Stoics, Suffering & The Gospel

Updated: Oct 8, 2021

“Not only so, but we also glory in our sufferings, because we know that suffering produces perseverance; perseverance, character; and character, hope. And hope does not put us to shame, because God’s love has been poured out into our hearts through the Holy Spirit, who has been given to us.”(Romans 5:3-5)

This passage, bookended on both sides by powerful gospel proclamations, is one of the most hope-filled, life-giving passages in the New Testament, because it contains one of the boldest claims in all of Scripture:

“We know that suffering produces… hope”

How in the world can suffering produce hope?

In our world, suffering often produces grief and grief results in depression over your past and anxiety towards your future. At least this is how I’ve experienced it.

The Stoic Philosophers had a wonderful way of dealing with this. Epictetus, who had experienced much suffering growing up as a slave, eventually gathered crowds of people from all walks of society to hear his wisdom. He once said something that he believed would cure the soul of much of its depression and anxiety.

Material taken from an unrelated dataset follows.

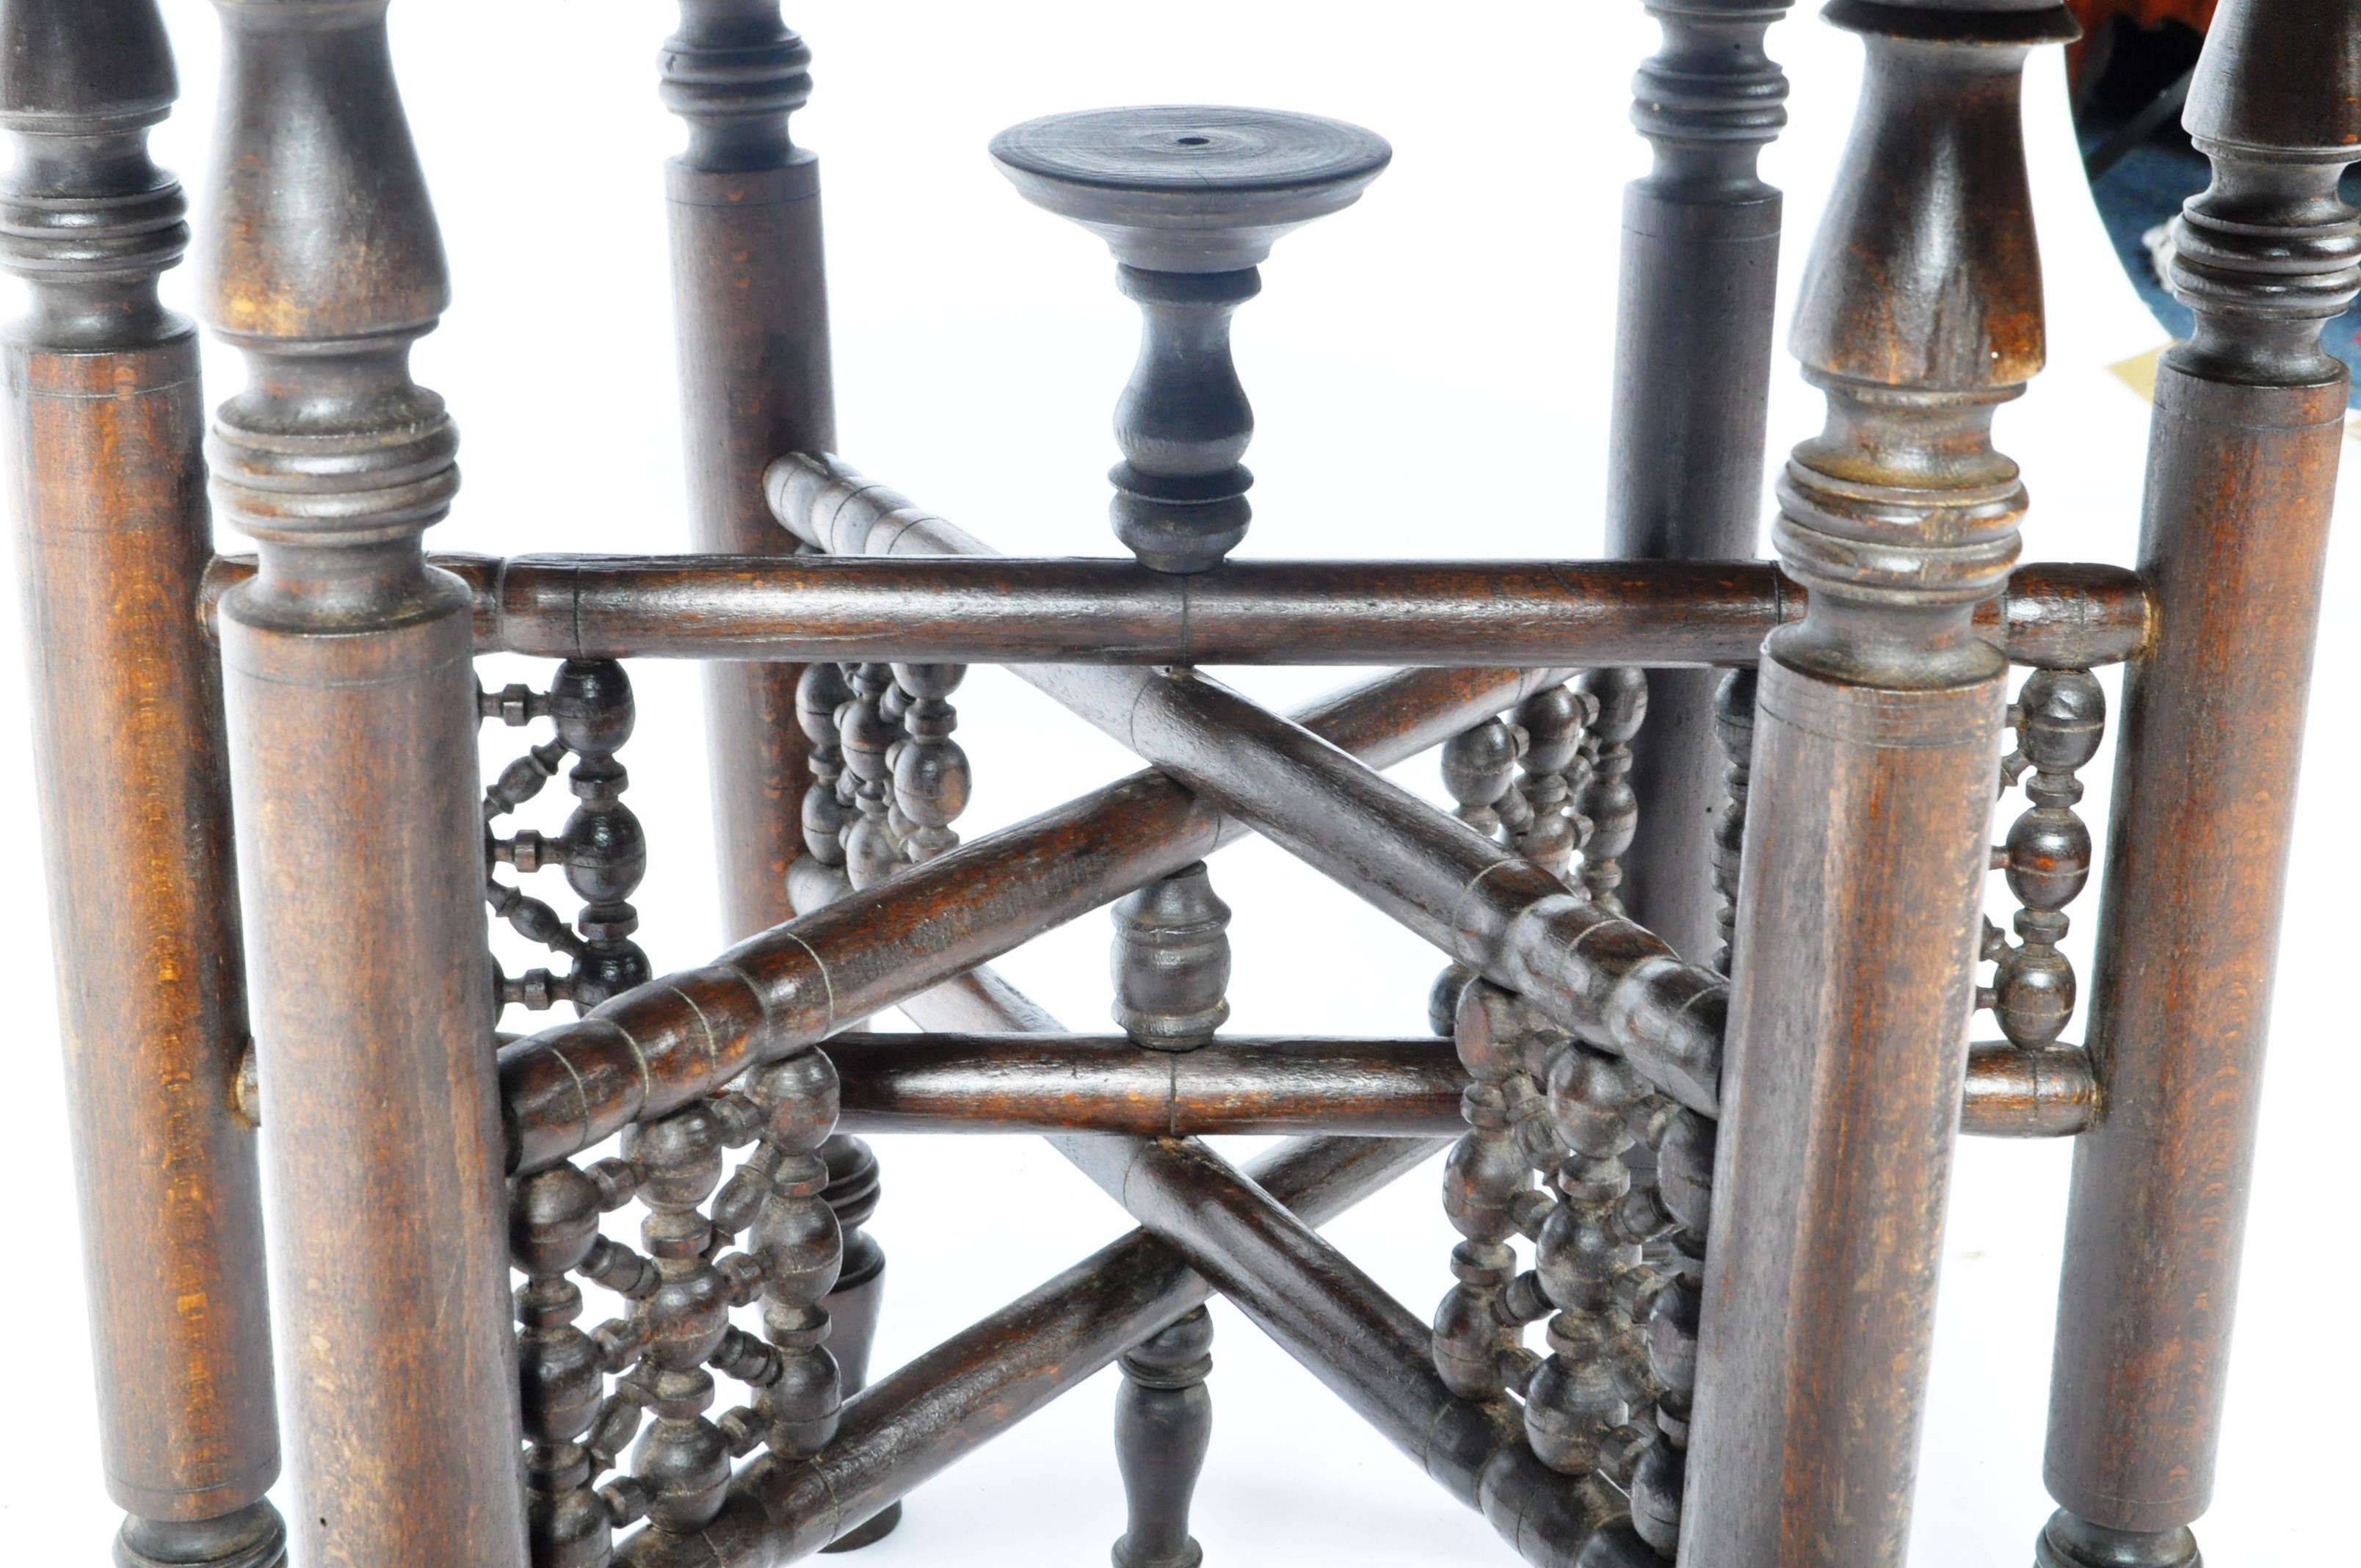 LATE 19TH CENTURY ISLAMIC BENARES BRASS TOPPED TABLE - Image 7 of 9

“The chief task in life is simply this: to identify and separate matters so that I can say clearly to myself which are externals not under my control, and which have to do with the choices I actually control.” - Epictetus

In other words, most of what’s happening in life is outside of my control. And much of the anxiety and depression I experience results from my obsession over things I can’t control, past or future. Truth be told, I can only really control my own thoughts, actions and attitudes. And when I separate those two domains (what I can and can’t control), and focus my thoughts, actions and attitudes on what I am actually able to control, many of the sources of depression and anxiety in my life lose their grip upon my soul.

Epictetus’ admonition echos strongly in the Serenity Prayer:

“God grant me the Serenity to accept the things I cannot change, the Courage to change the things I can, and the Wisdom to know the difference.”

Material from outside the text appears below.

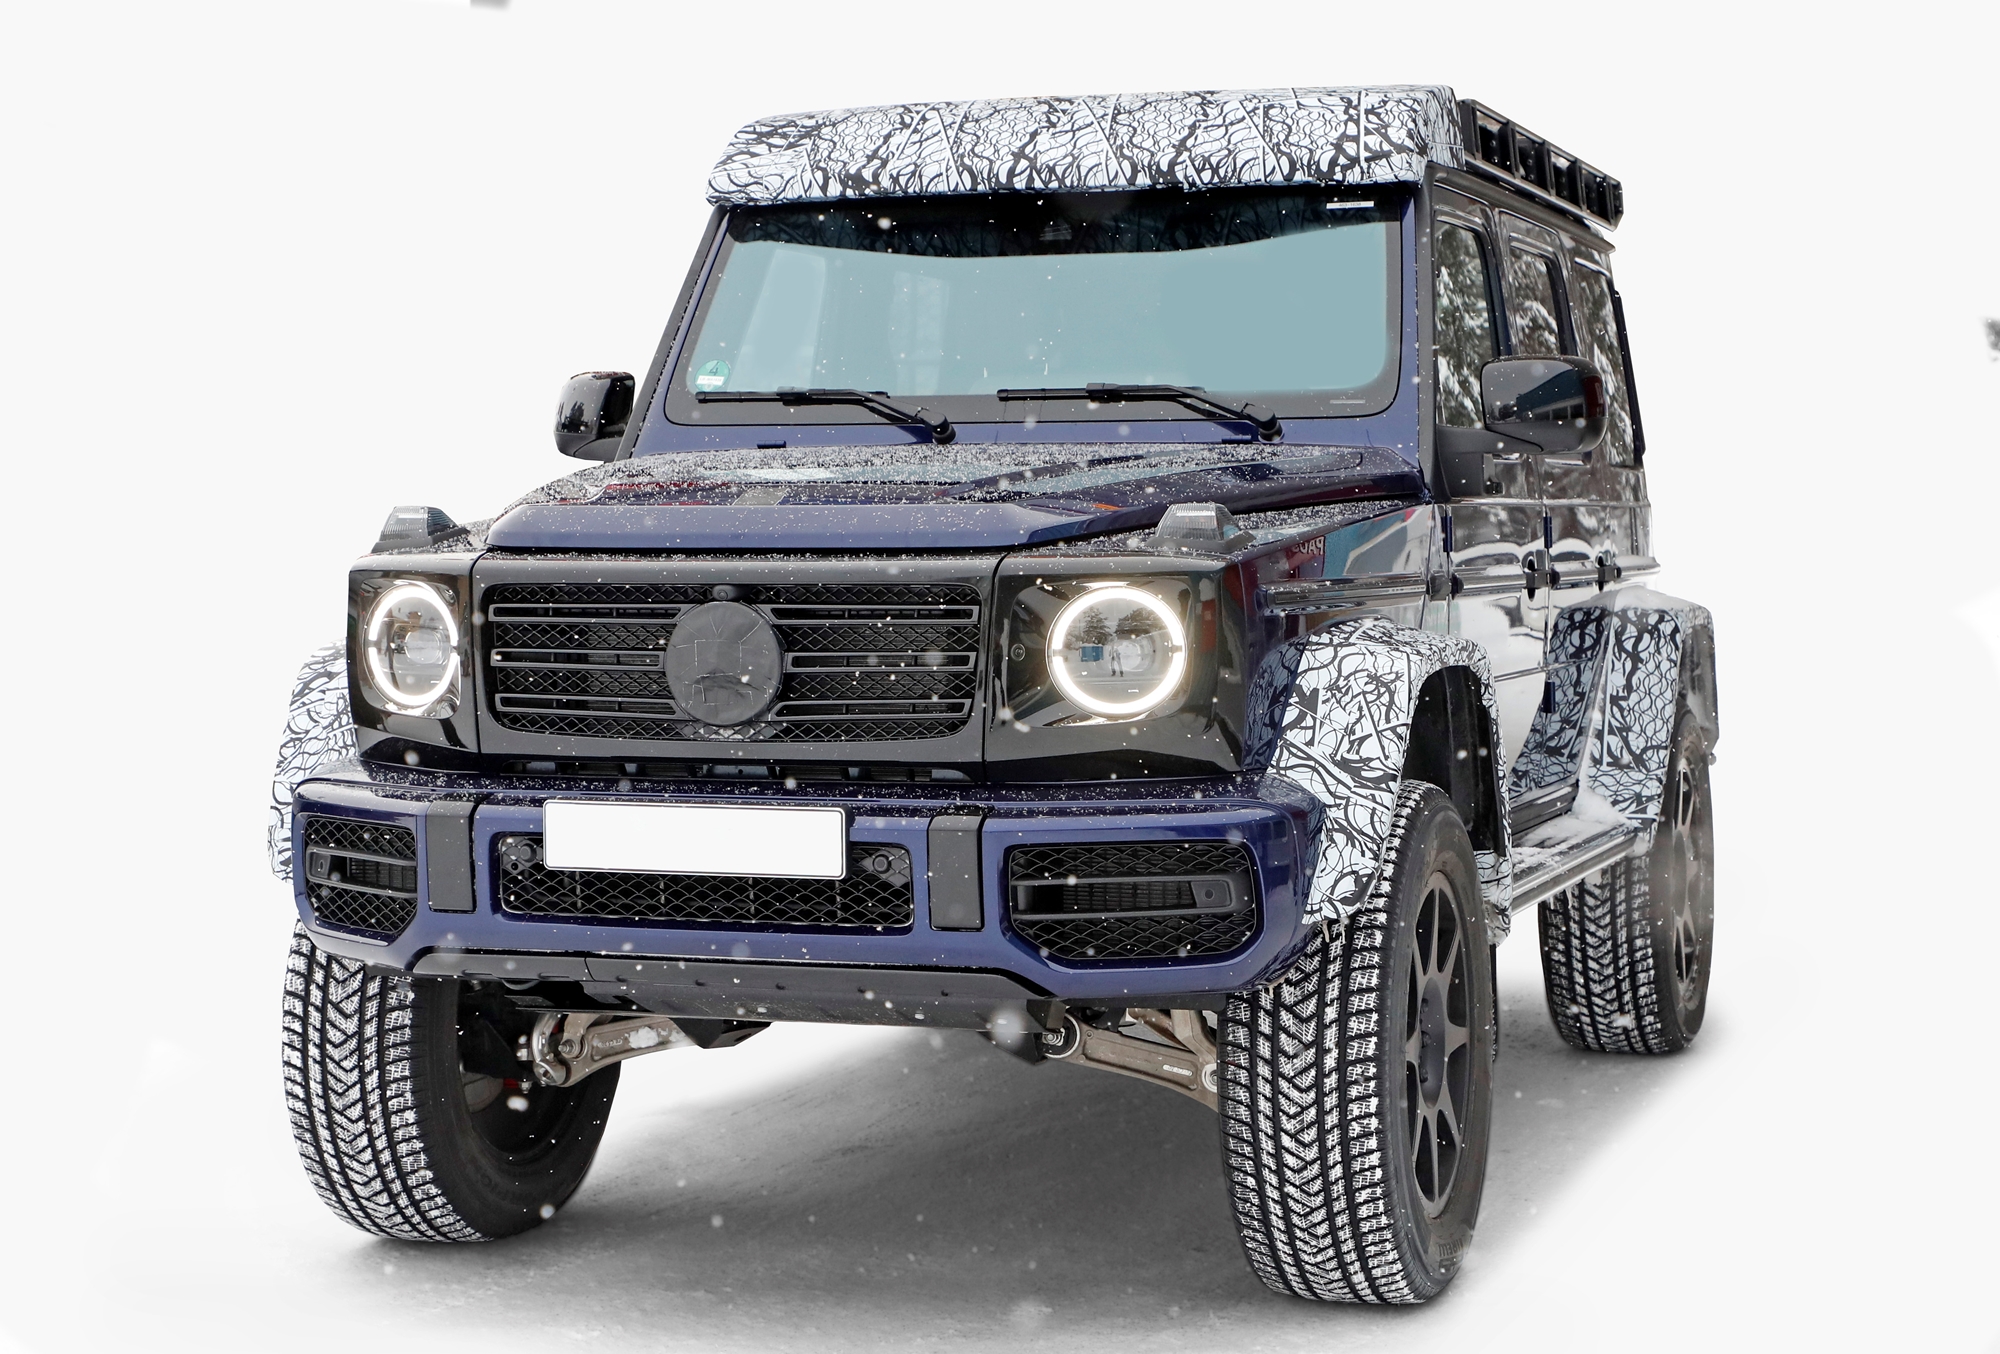 2022 MercedesBenz G550 4x4 Squared Full Specs, Features and Price

This outlook is so powerful in its paradigm-shifting ability, that countless treatment programs, not the least of which is Alcoholics Anonymous, use this prayer as a sort of backbone for their entire approach to healing and sobriety.

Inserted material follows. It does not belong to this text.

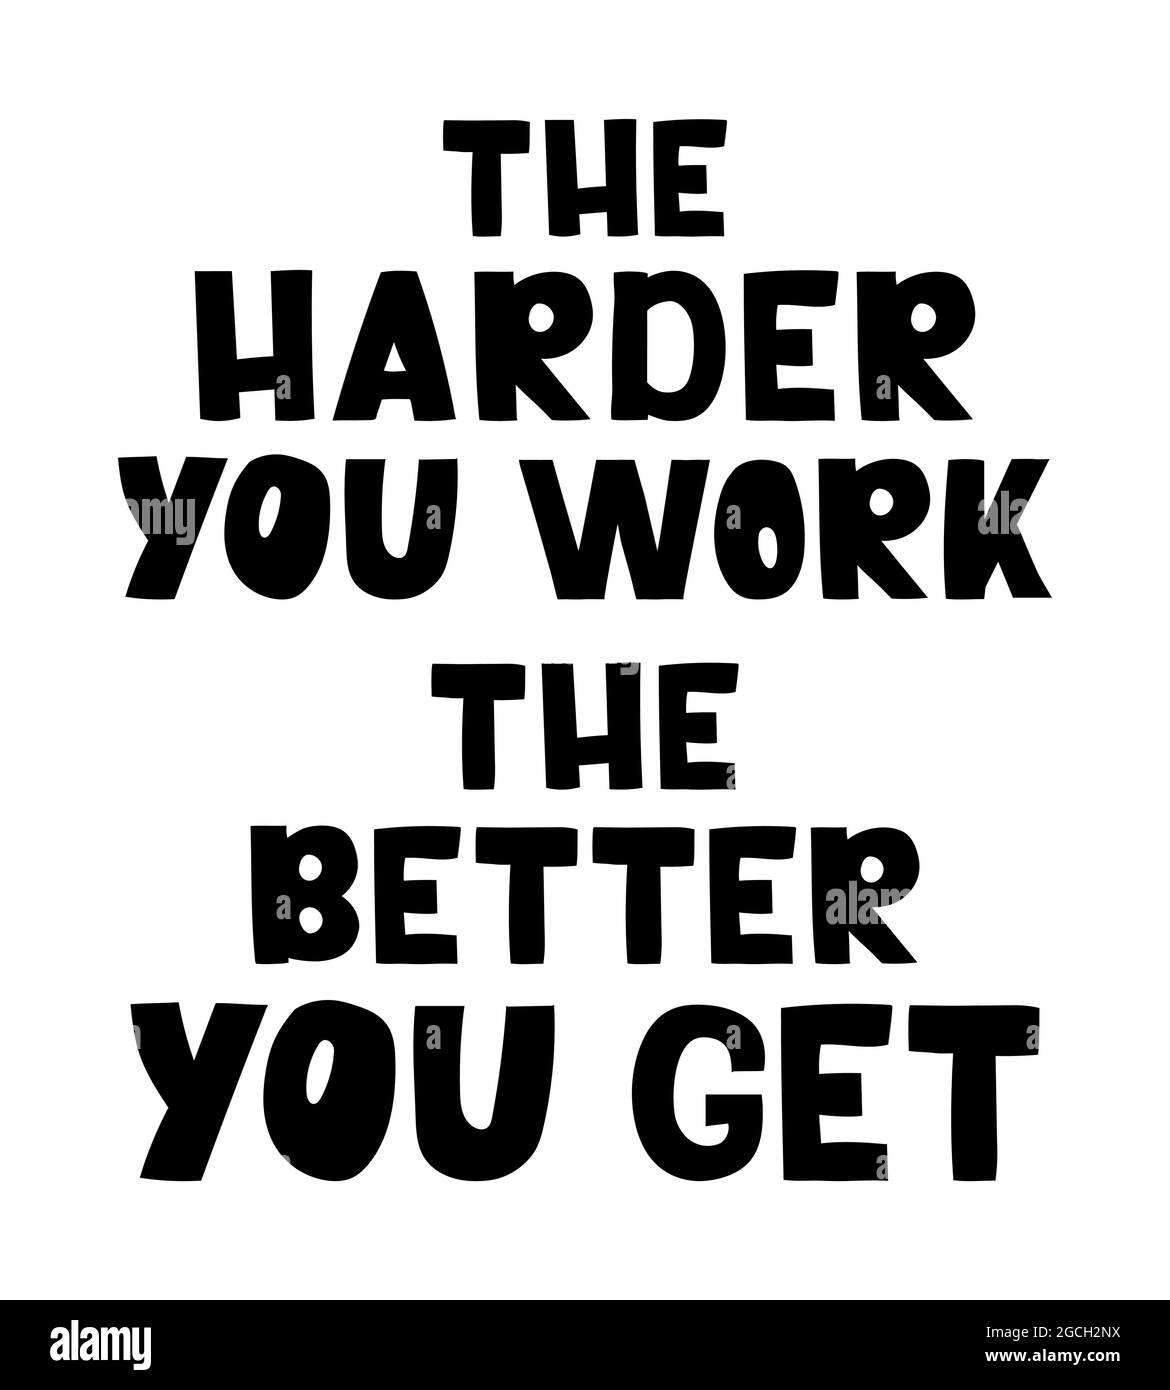 The harder you work, the better you get - hand drawn lettering. Illustration isolated on white background. Motivational phrase, inspiration, positive thinking Stock Vector

Epictetus and the stoics envisioned a world where difficulty and suffering surround us and constantly buffet our lives. The Stoic approach to life then, is to harden yourself against life, which, in the end, is mostly suffering. That was what they saw as the path to true joy, and freedom from anxiety… letting go of your illusion of control, accepting life’s difficulties, and letting them shape you into a stronger person.

But were they right?

Is this life suffering?

Is the path to freedom accepting this?

Is it focusing solely on your response to this?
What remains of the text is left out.